Dataset items:
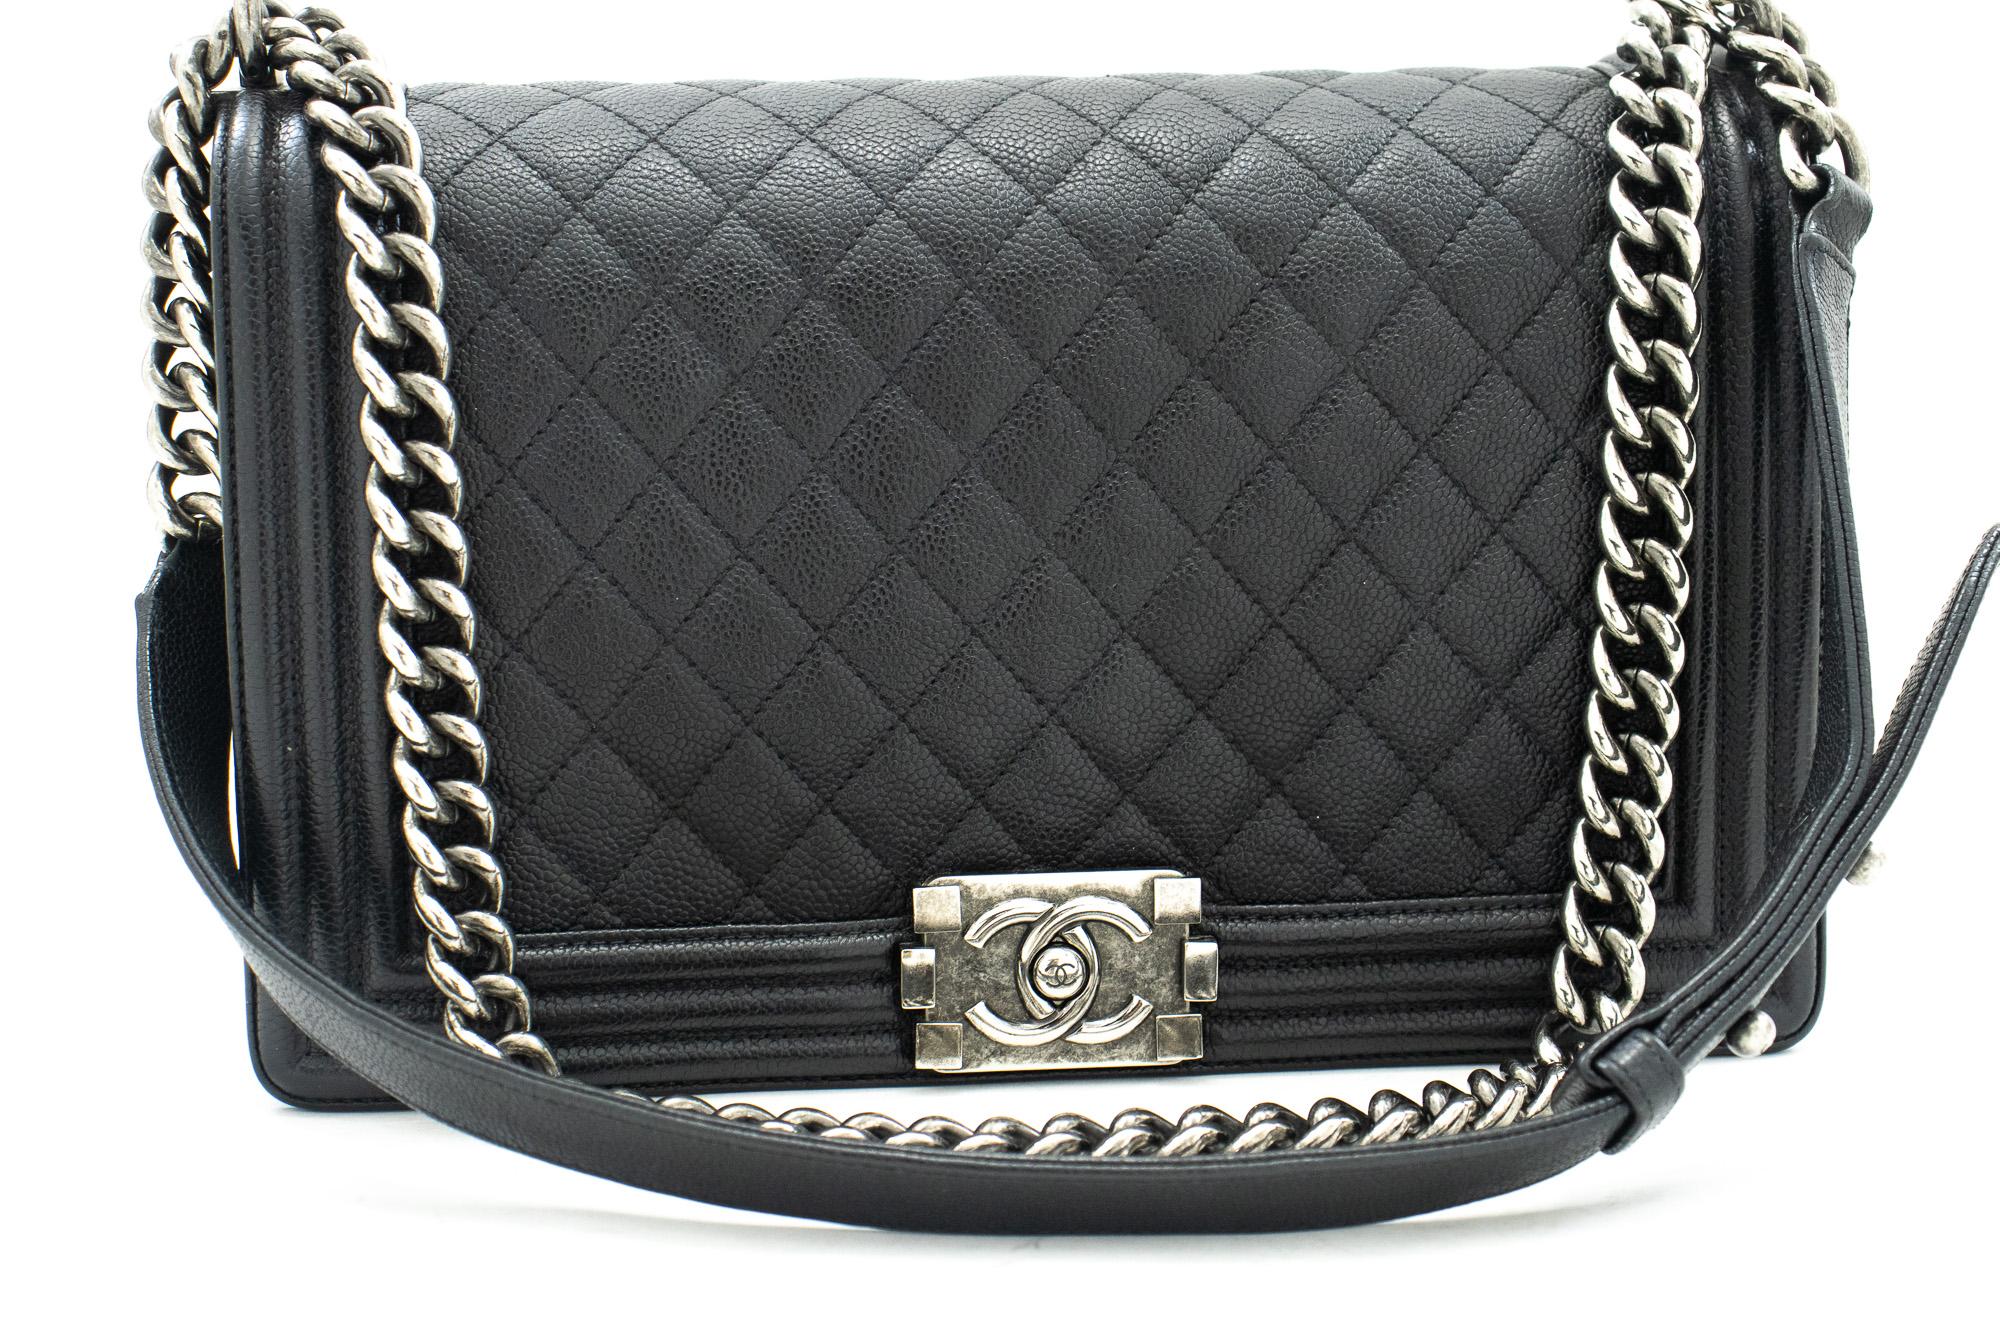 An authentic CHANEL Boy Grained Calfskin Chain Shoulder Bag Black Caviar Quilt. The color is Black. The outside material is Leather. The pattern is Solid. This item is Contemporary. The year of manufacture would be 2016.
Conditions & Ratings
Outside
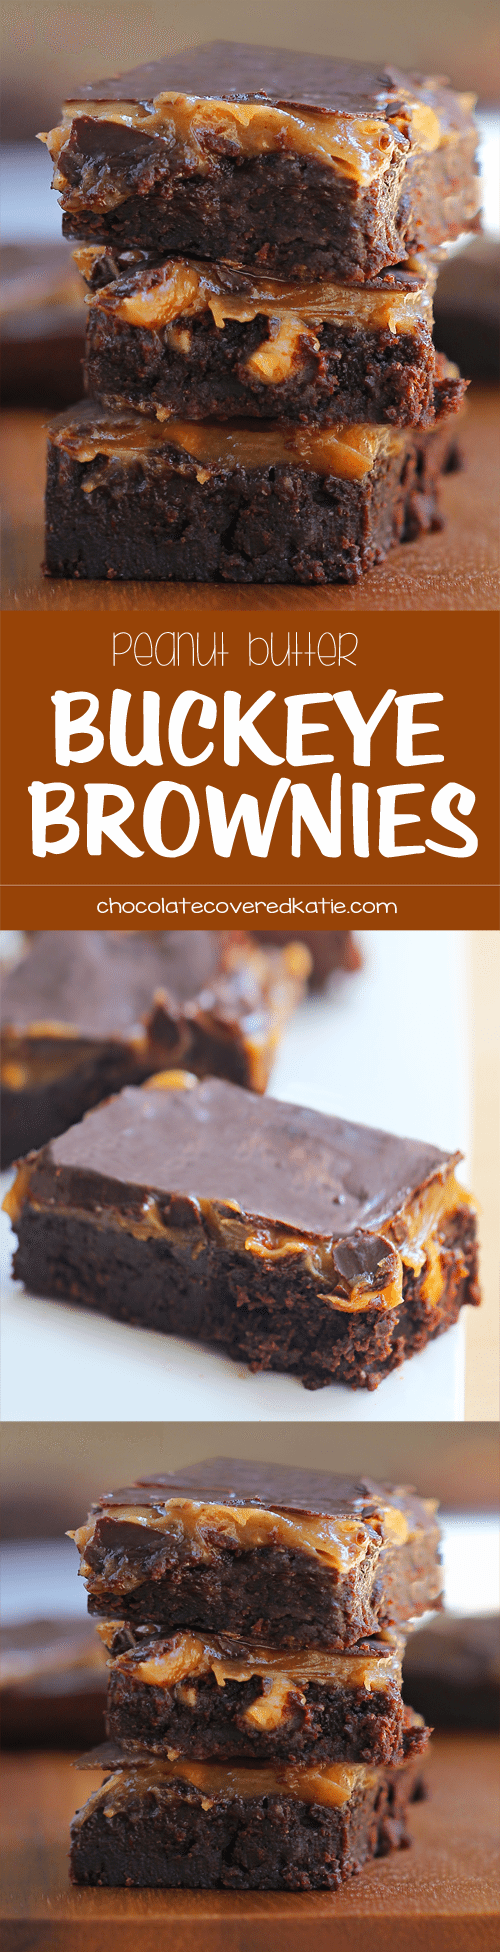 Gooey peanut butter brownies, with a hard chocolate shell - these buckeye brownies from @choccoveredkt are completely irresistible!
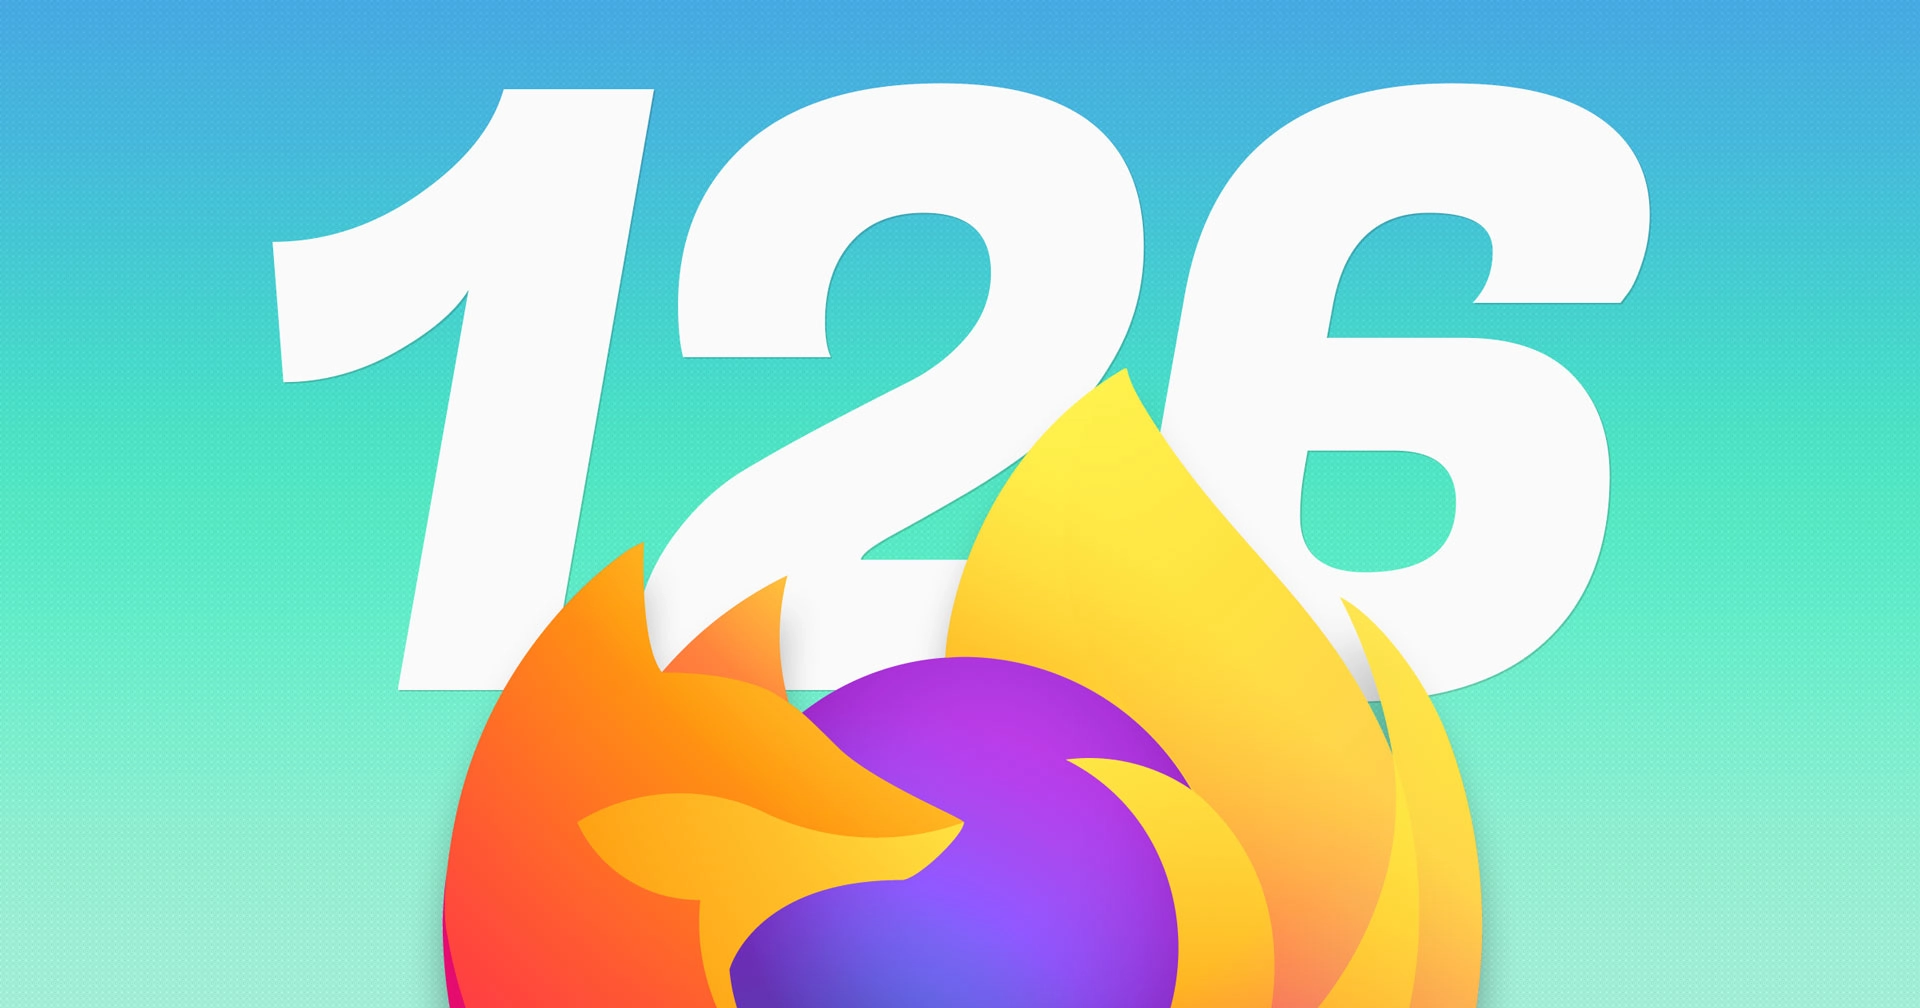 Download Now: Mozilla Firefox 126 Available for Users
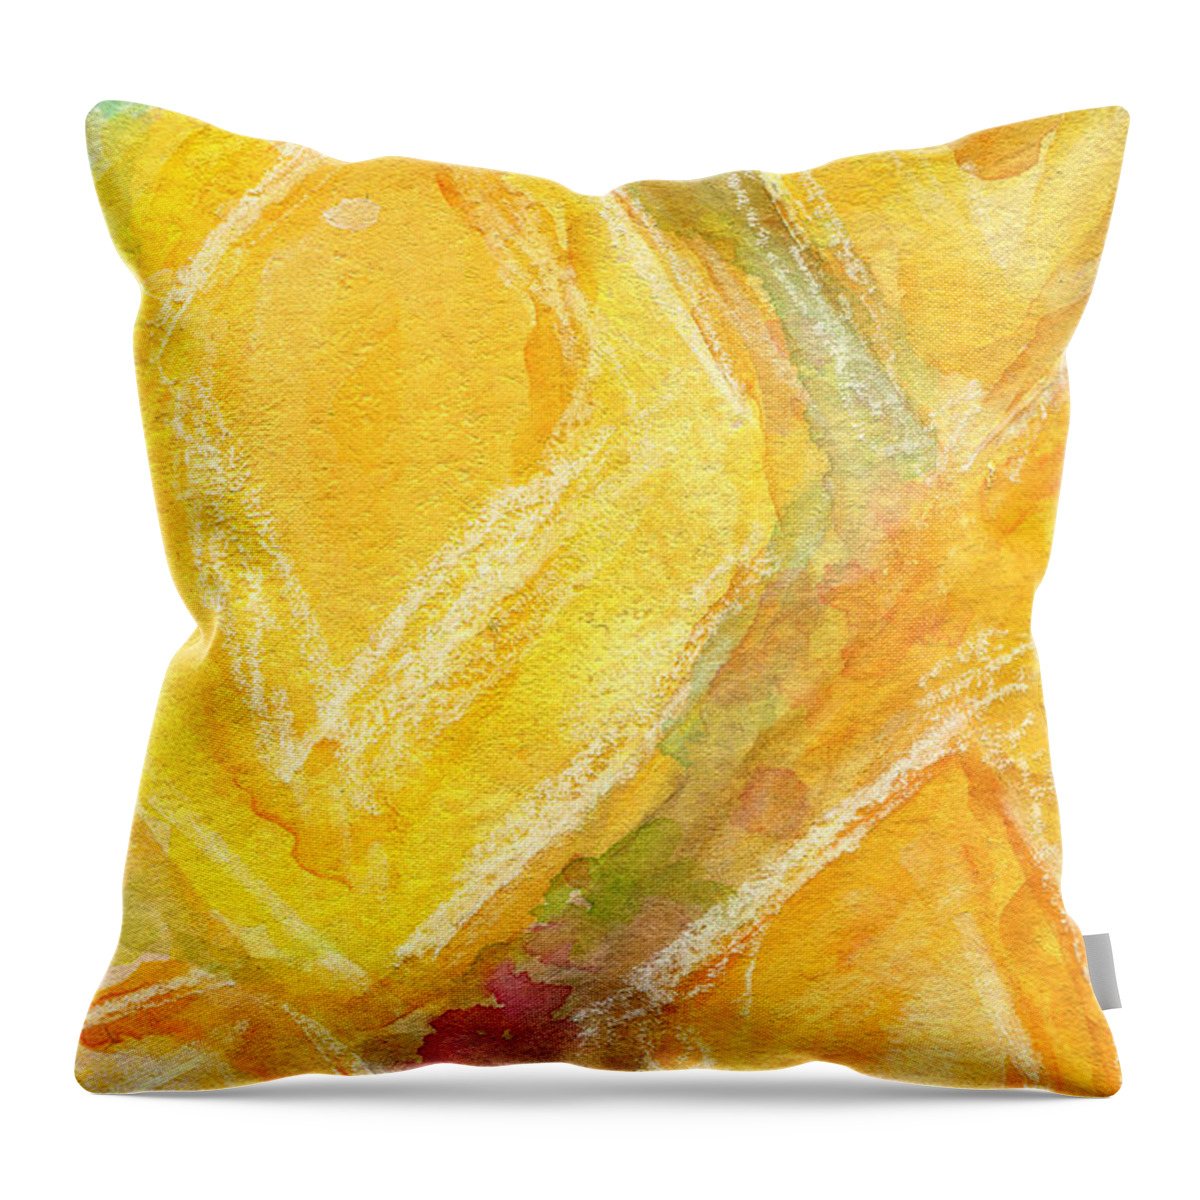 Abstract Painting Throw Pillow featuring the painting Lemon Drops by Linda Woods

- [What is required]
Find the line that contains "Conditions & Ratings", then write out that line and each one after it, exactly and with nothing else, through the end of the entries above, without the pictures.

- [Response to this task]
Conditions & Ratings
Outside
 Gooey peanut butter brownies, with a hard chocolate shell - these buckeye brownies from @choccoveredkt are completely irresistible!
 Download Now: Mozilla Firefox 126 Available for Users
 Abstract Painting Throw Pillow featuring the painting Lemon Drops by Linda Woods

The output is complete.